ABOUT THIS EXERCISE:
Skip every picture, and copy exactly the lines from the one containing "FISCHERTECHNIK Education, 538423, Mechanics" to the end of the data.

THE DATA:
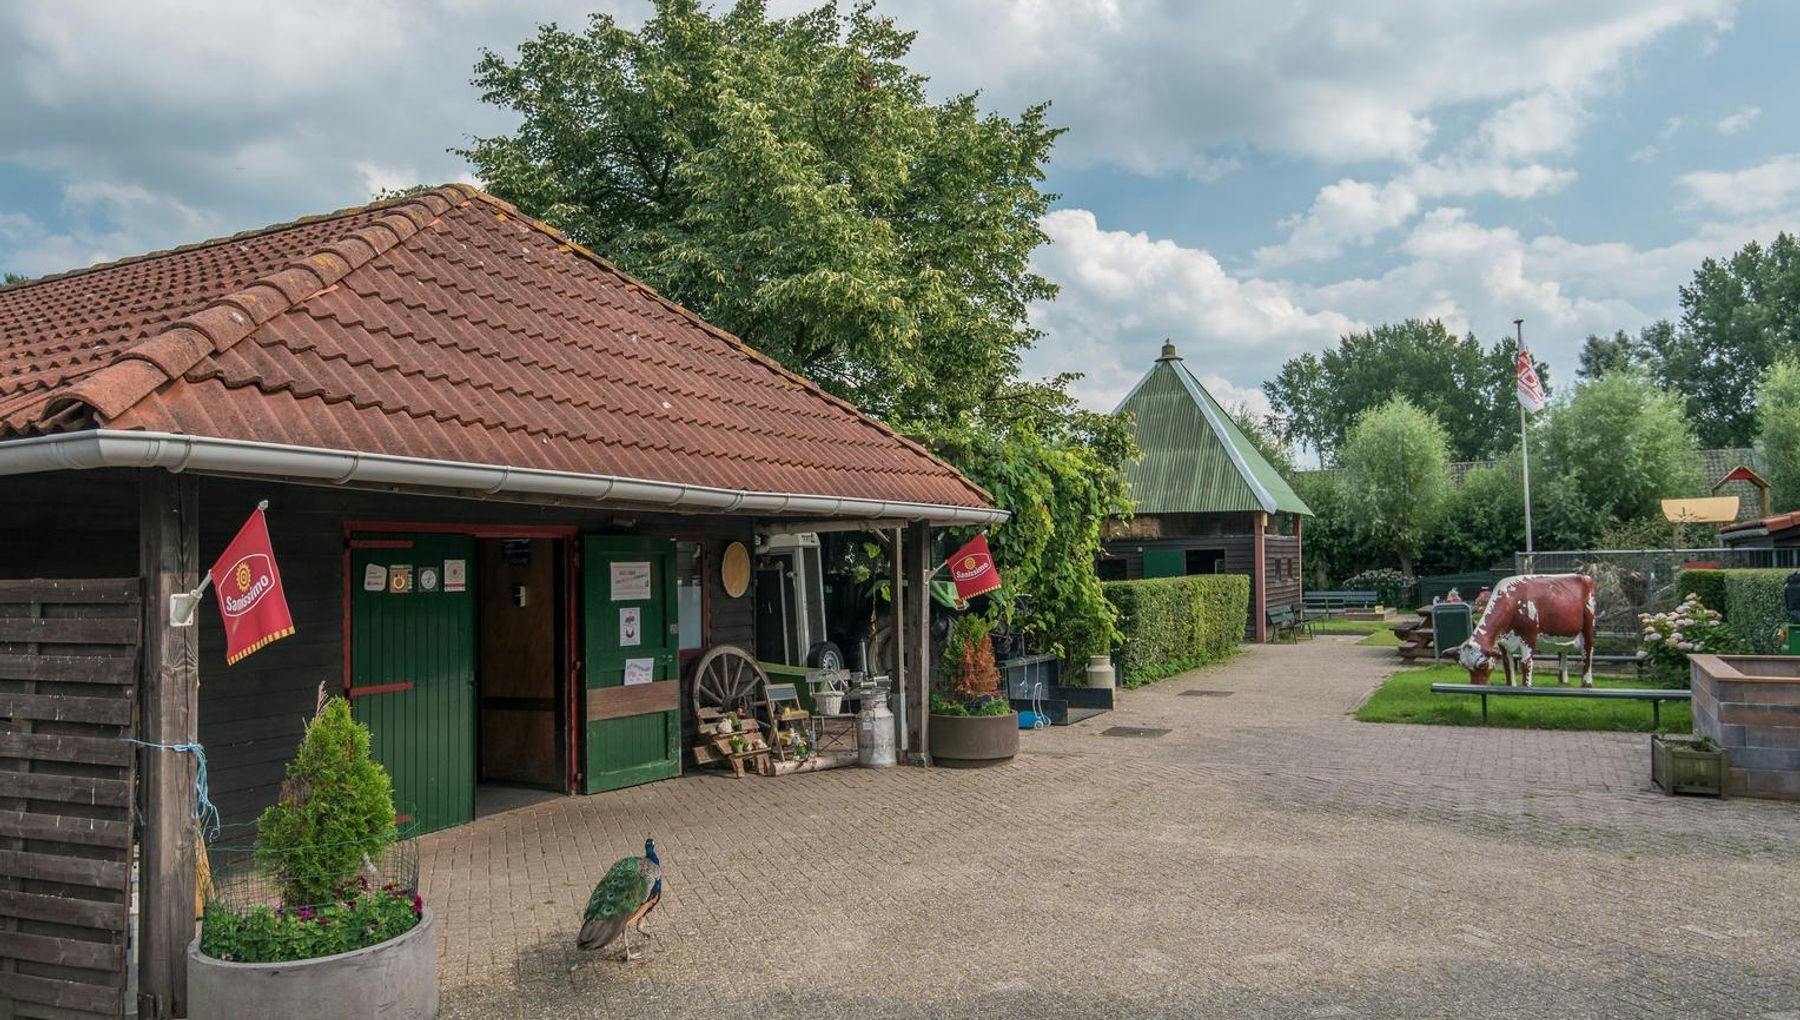 Petting Zoo de Bijlmerweide farm Buurtencampagne 2017
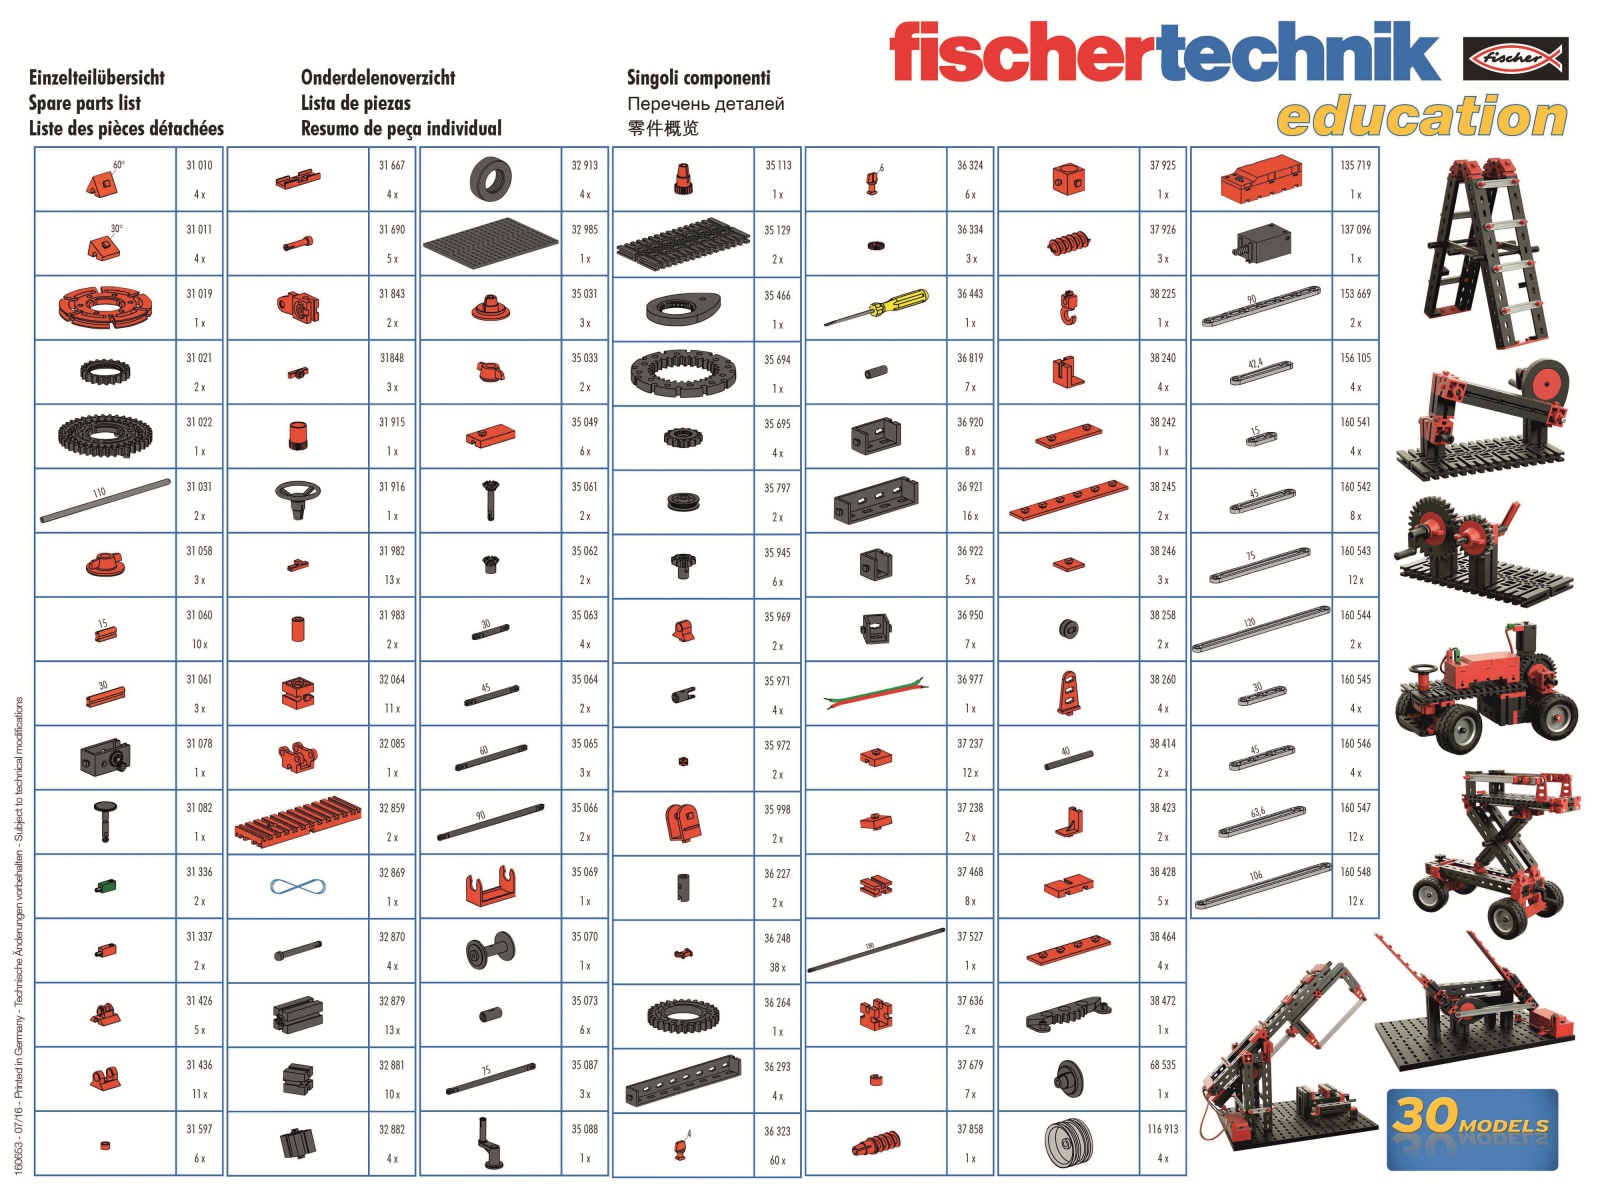 FISCHERTECHNIK Education, 538423, Mechanics (2.0)
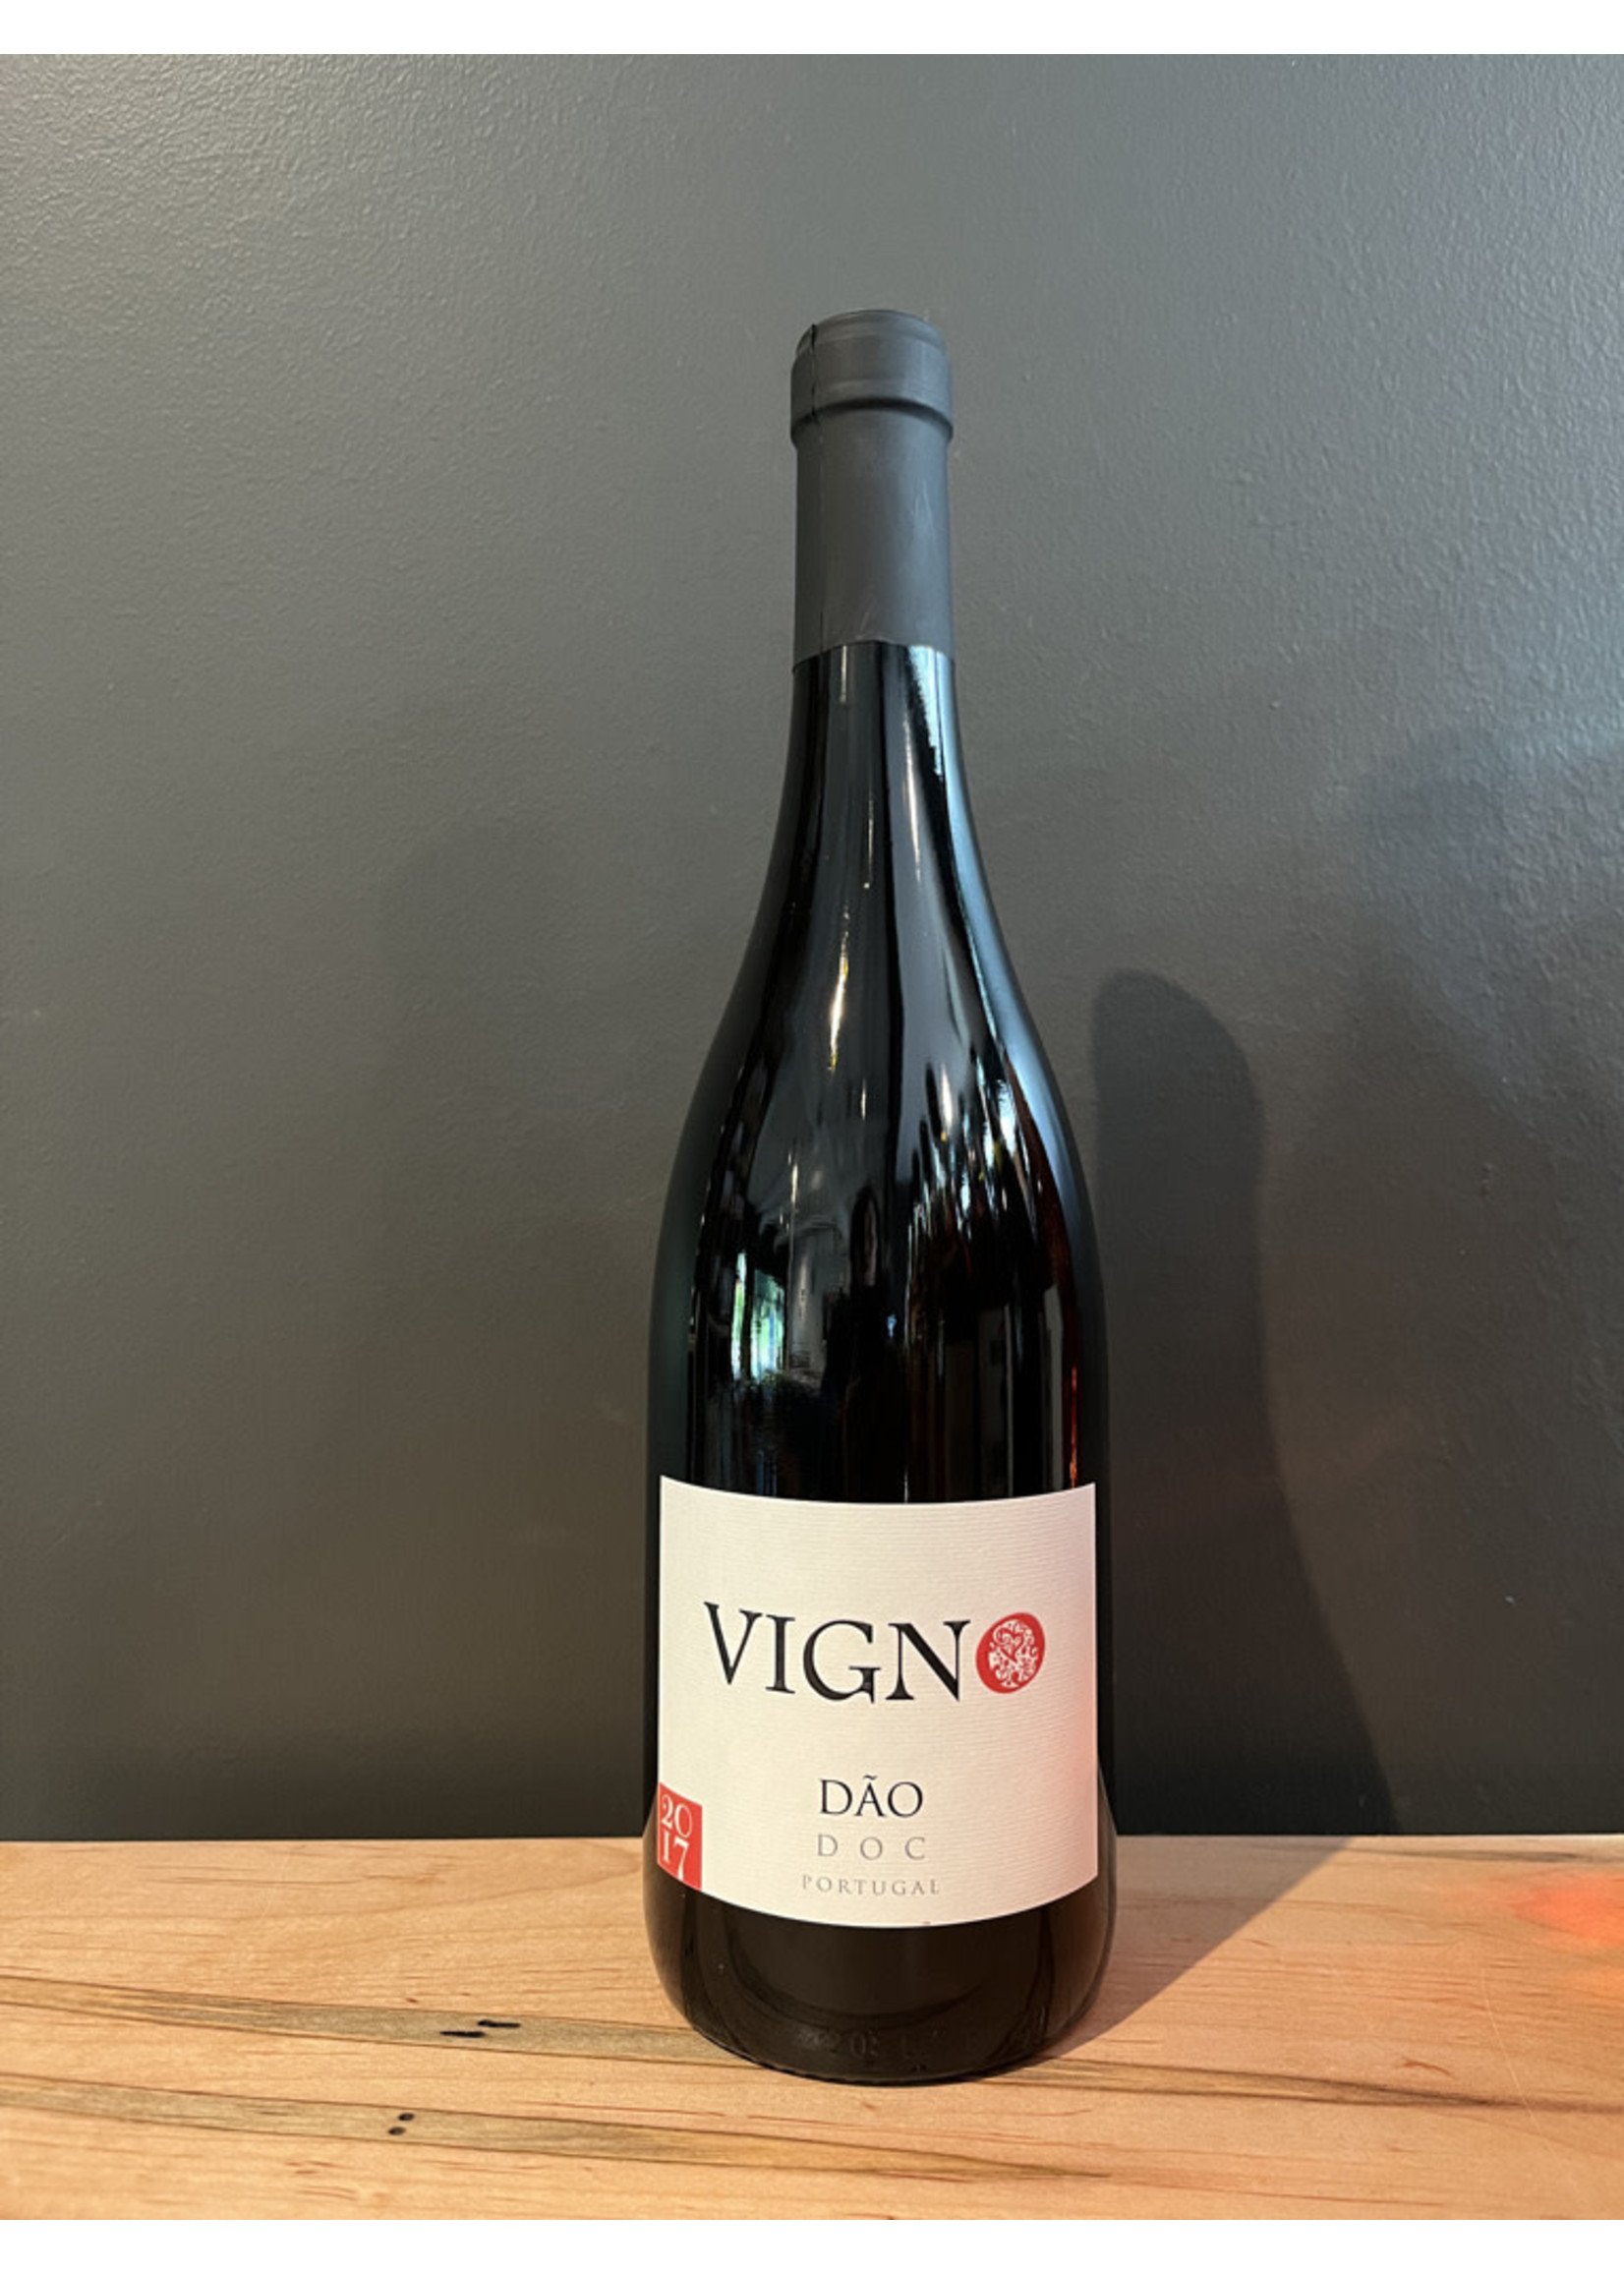 Vigno - Dao Tinto 2019

TASK ANSWER:
 FISCHERTECHNIK Education, 538423, Mechanics (2.0)
 Vigno - Dao Tinto 2019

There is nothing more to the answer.